Pour cette chronique, dirigeons-nous à Fugèreville et revivons l’époque du Bal des Foins, un festival bien ancré dans la mémoire collective des Témiscamiens.

Une fête populaire

Les festivals jouent un rôle de premier plan dans les loisirs et les sorties des gens du Témiscamingue. Il y eut une époque où chaque village avait sa fête populaire, une date précise, indélogeable, marquée au fer rouge dans le calendrier des activités municipales à ne pas manquer. Fugèreville avait son Bal des Foins, l’une des festivités les plus populaires de la région. De 1960 à 1984, des gens provenant de tous les coins du Témiscamingue, de l’Abitibi et du nord de l’Ontario réservaient la dernière fin de semaine du mois de juillet pour y participer. On l’appelait le Bal des Foins puisque sa tenue marquait la fin de la période des foins pour les agriculteurs, de durs labeurs qui valaient la peine d’être fêtés.

Le site et les festivités

La première année de l’événement, en juillet 1960, c’est dans la cour du Bar Salon 382 que le tout se déroule. Kiosques, promenades en charrette et soirée dansante sont à l’horaire. Les Marcotte, les Murray, les Larivière font, entre autres, partie des premières familles à l’origine de cette organisation. Le festival connaît un tel succès que le comité décide de répéter l’expérience l’été suivant. Un stand de danse est alors construit, une première au Témiscamingue. « On avait une couple de kiosques. On avait des charrettes à foin, comme on disait, pis dans ce temps-là, on n’avait pas de permis de boisson. On ne pouvait pas vendre de boisson. On s’était fait un petit kiosque au crique, à l’autre bout de la terre à Eugène Lefebvre. Là, y avait des rides de charrettes pis les gars allaient s’approvisionner de boisson à l’autre boutte. En dernier, on avait moins de monde icitte [sur les lieux du festival], ils se tenaient tous à l’autre boutte », raconte Henri-Louis Murray, cité dans le livre La vie à Fugèreville, d’hier à aujourd’hui : 1912 – 1987.

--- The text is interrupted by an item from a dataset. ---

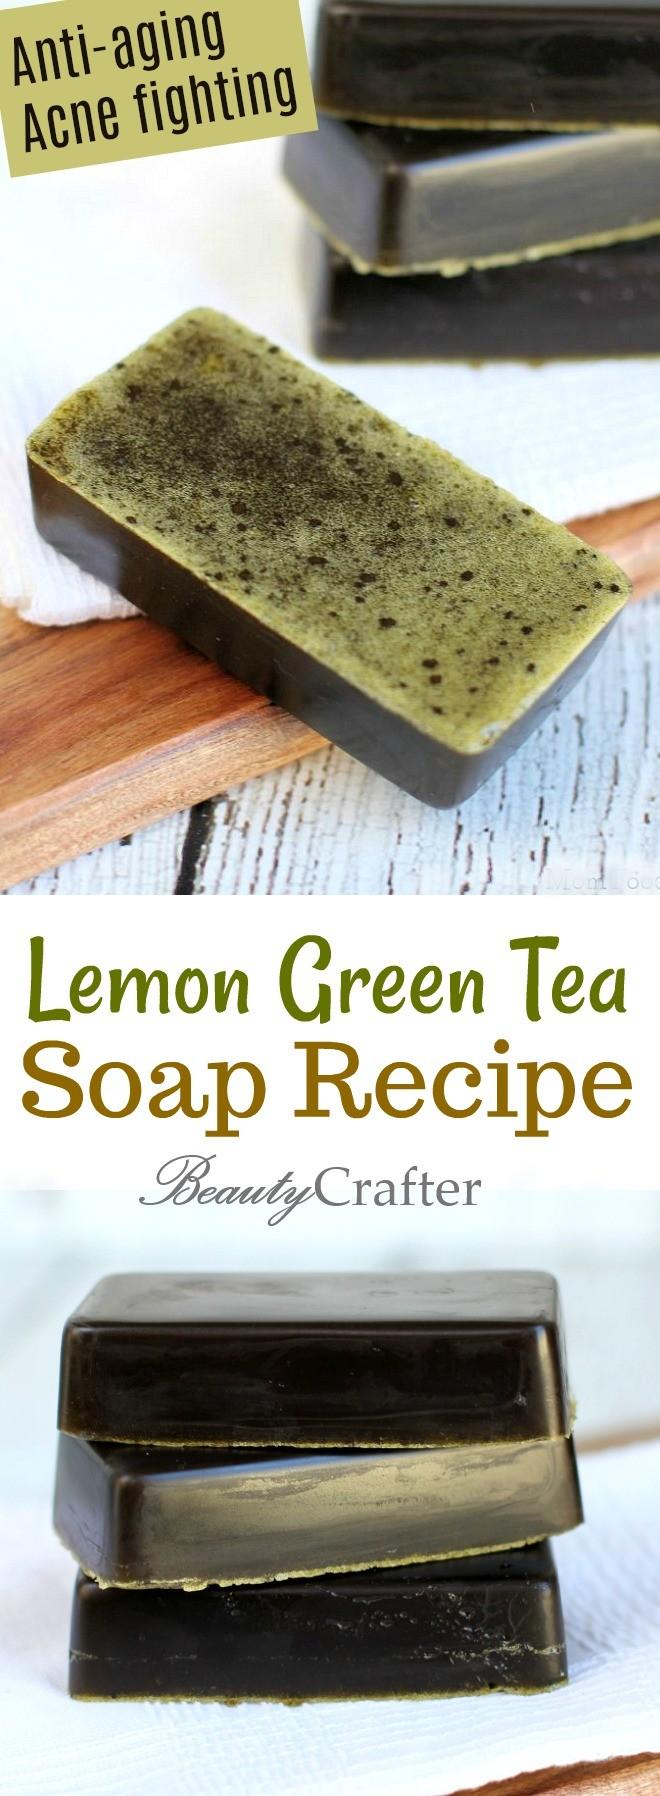 Lemon Green Tea Soap Recipe DIY , anti-aging and acne fighting soap

Deux ans plus tard, le lieu de rassemblement déménage près du terrain de balle, sur l’ancien terrain de la Fabrique. Huit kiosques sont installés sur ce nouvel emplacement et c’est la compagnie Paradis et Fils qui fournit les matériaux et la main-d’œuvre pour ces nouvelles constructions. D’autres s’ajoutent au fil des ans. Un bar est enfin permis sur les lieux, au grand bonheur des festivaliers. L’activité qui se déroulait au départ sur une seule journée connaît un tel engouement que les organisateurs décident d’étirer les festivités sur une fin de semaine complète. Ainsi, des activités sont ajoutées à l’horaire : tire de chevaux, souque à la corde, tournoi de fer, tournoi de baseball, rallye d’autos ou de tracteurs, danse avec orchestre, bingo et jeux de hasard, de tout pour tous les goûts.

Onil Beaulé se souvient des kiosques de jeux, des Fermières qui vendaient des épis de maïs, du spaghetti et des sandwichs, du gros feu de camp, du rallye en tracteur et du tournoi de balle. « En 1980, on avait notre équipe de balle, les Beaulé. J’avais 18 ans et j’étais le plus jeune. On avait perdu en finale. Mon père a été dans le comité du Bal pendant plusieurs années. Je me souviens que nous allions travailler sur le terrain pour placer les balles de foin et le foin sur la piste de danse. Je me souviens aussi que certaines personnes, un peu trop saoules, couchaient dans le foin un peu partout. Et comme dans plusieurs festivals ou soirées dans ces années-là, il y avait toujours de la bataille. »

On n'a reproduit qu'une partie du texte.